Marquette's decision to strip Professor John McAdams of tenure is a disgrace and may influence my long-term plans with respect to the intellectually craven environment that is American academia.
A key pivot point for this story is that a student in a philosophy class was concerned about the tolerance for dissent in that class on the issue of gay marriage. He spoke with the instructor, a graduate TA. She ultimately told him that "homophobic" views would not be tolerated, and added the obligatory pre-emptive censure of "racist" and "sexist" views. (Professor McAdams criticized the teacher's handling of this episode in a blog post, and also criticized prior hyper-PC behavior by the Assistant Dean and the Philosophy Department Chair, which is what I believe actually did him in.)
The student had not expressed homophobic views and seemed articulate. His only specific comment seemed to be the idea that there is empirical evidence of bad outcomes for children of gay couples.
I was struck by the teacher's robotic injunctions against the recurrent and seemingly empty phoneme strings: racism, sexism, and homophobia.
We can't have any of that stuff, cause it's bad m'kay?
I'd like to make this clear. I want to hear racist, sexist, and homophobic ideas. I think you should want to hear them too. I mean it, and I mean it at two levels of analysis.
Level 1: I most definitely want to hear ideas that academic leftists label as racist, sexist, and homophobic.
I want this because experience tells us that the ideologies and theories academic leftists apply in tagging discourse with those labels will be unsatisfying to many scholars on counts of rigor, merit, and framing assumptions. Similarly, we know that the vast majority of the earth's population will not consider those discourses and ideas to be racist, sexist, or homophobic, which might suggest fertile ground.
So we most definitely need to hear, discuss, test, and debate those ideas given that their prohibition by a the current ideological spasms of American academia should be of no interest to us. We should brush away this unscholarly screaming without even slowing down.
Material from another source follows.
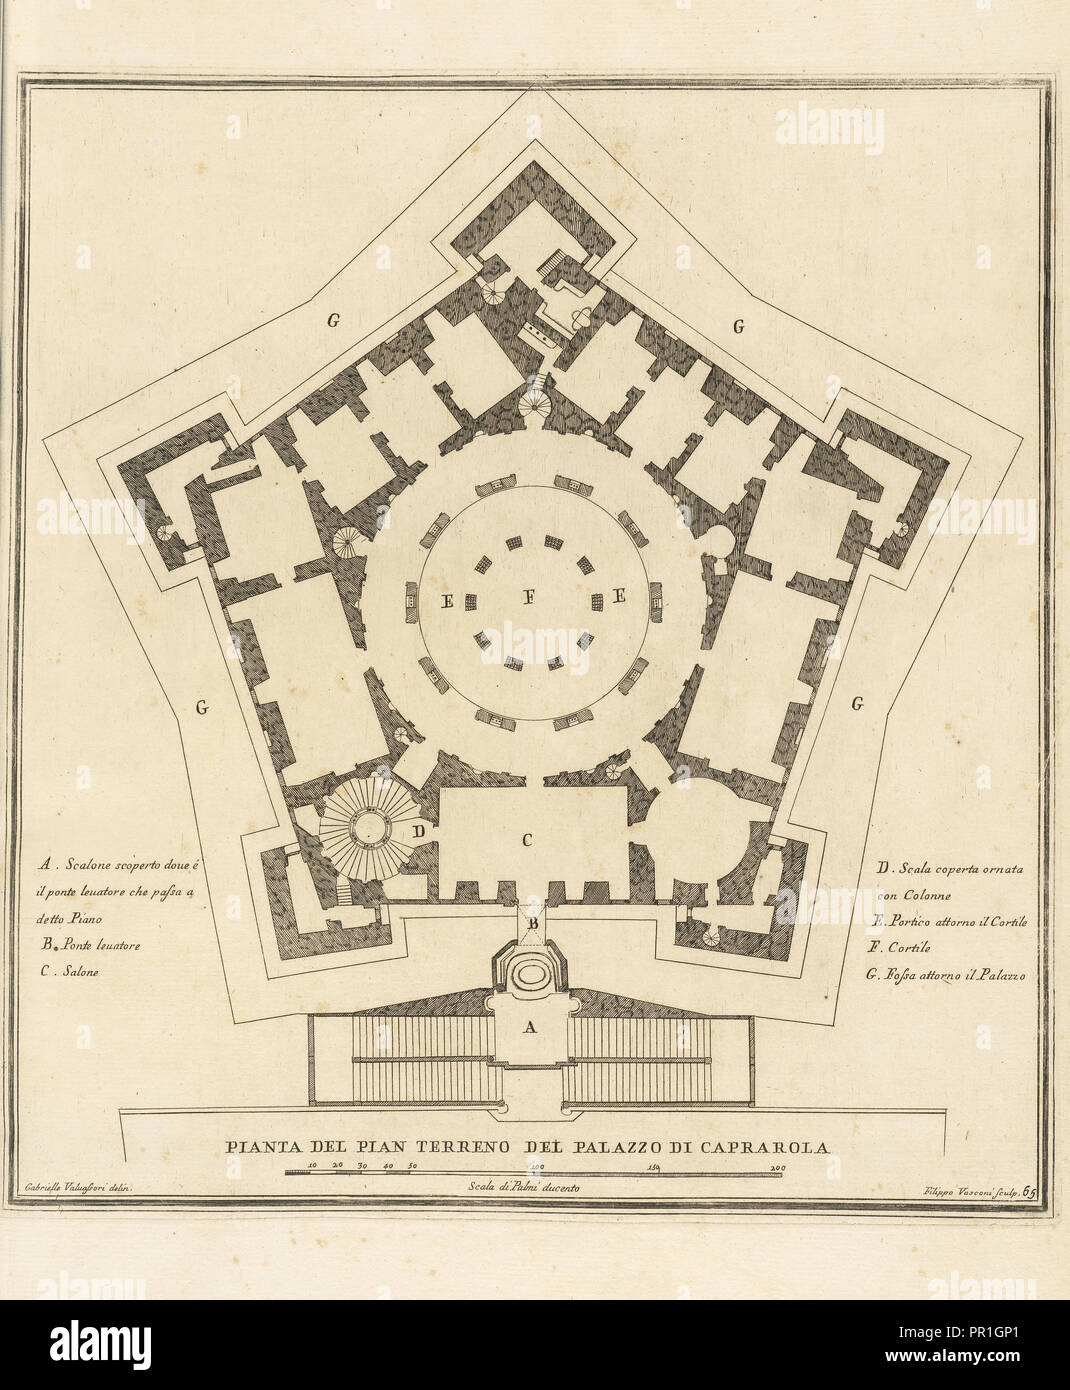 Pianta del pian terreno del Palazzo di Caprarola, Stvdio architettvra d'civile sopra gli ornamenti porte e finestre tratti di Banque D'Images

Level 2 breaks into near isomorphic variants. For my purposes here I'm basically aggregating the three variants.
Level 2a: I want to hear ideas that I would consider racist, sexist, or homophobic.
Level 2b: I want to hear ideas that most people who are not American academics would consider racist, sexist, or homophobic.
Level 2c: I want to hear ideas that are in fact racist, sexist, or homophobic.
First, I have no reason to suppose – to decide in advance – that nothing can be learned, no insights gained, by hearing and perhaps engaging or interrogating robustly racist, sexist, and homophobic ideas. I'm surprised people would just assume that nothing can be gained. This seems unlikely to me, and I would place the burden on those people to prove that nothing can be gained. The null here, or the default intellectual/scholar mode, is the mode of engagement, exposure, listening, considering, weighing, arguing, etc.
Second, I have no reason to suppose – to decide in advance – that there will be no merit or wisdom in canons of racist, sexist, and homophobic thought. That would be strange to me, seems unlikely given what we know about the scope and texture of human discourse, what we know about history, about human psychology, about the marginalization of ideas and peoples, and so forth. I wouldn't be shocked to find a diamond in the rough, a speck of gold in the prospector's pan. I imagine these wisps or chunks of truth or wisdom will be orthogonal to the broader racist, sexist, or homophobic systems to which they belong, but I don't want to pin too much on that assumption. I want to go in clean.
Third, I freely embrace a notion that would perhaps not be controversial in brighter eras. I think it's possible that I'm wrong. I think it's possible that I'm wrong about lots of things. I think it's possible that I'm wrong in the beliefs in which I'm most certain. It surprises me that today's scholars don't seem to imagine a universe where they are substantially wrong.
This also means you might be wrong, any of us might be wrong. I might be wrong, in some sense, about racism, or some subset of it, or some other dimension of it that I can't foresee. What would that look like? Well, I'm never going to be a racist in the sense of malevolence or hate toward humans because of their race. It's not realistic that I could change that much. It's like imagining I was raised by a different set of parents – I wouldn't be me anymore.
There are levels of analysis with respect to racism, sexism, and homophobia that are philosophical. That's where philosophers go to work. Then are levels of analysis that are empirical, things we can measure, things we can go find out and come back with the answer. That's where scientists go to work. There may be things racists, sexists, and homophobes believe that are simply true as an empirical matter.
For example, there might be stable innate differences in IQ between various racial-ethnic groups. Here I tend to bring the same cautious attitude I invoke above – I think it's nuts for anyone to be settling on the answer to that issue right now, especially racists. It's way too early. Give it another fifty years at least. There are a host of complex cultural and environmental issues that may be in play, including ones we don't know about. There are many known unknowns and unknown unknowns here, and I really don't like jumping the gun. There's no reason to assume that any question we have can be readily answered by some dude in a lab coat in the era in which we live. That's just not going to work out.
So while I don't think this can be settled in the near future, I am open to the idea that there are innate differences and that we will know this in 2060 or 2090. These differences may even be unfavorable to my group, Mexicans, Native Americans, whatever we'd call the brown or the genetic substrate in my case. I do not assume that these sorts of differences matter, or will matter, or that people have to care about them, or that it is rational or ethical to employ heuristics based on them in day-to-day life. Also, I don't assume there will be such differences. I have no idea. Reality is a very complicated place. They might be faint. Who knows, but what to do with that kind of reality is a philosophical question. We also have to remember variance and how that works, get people trained up to not focus on mean differences.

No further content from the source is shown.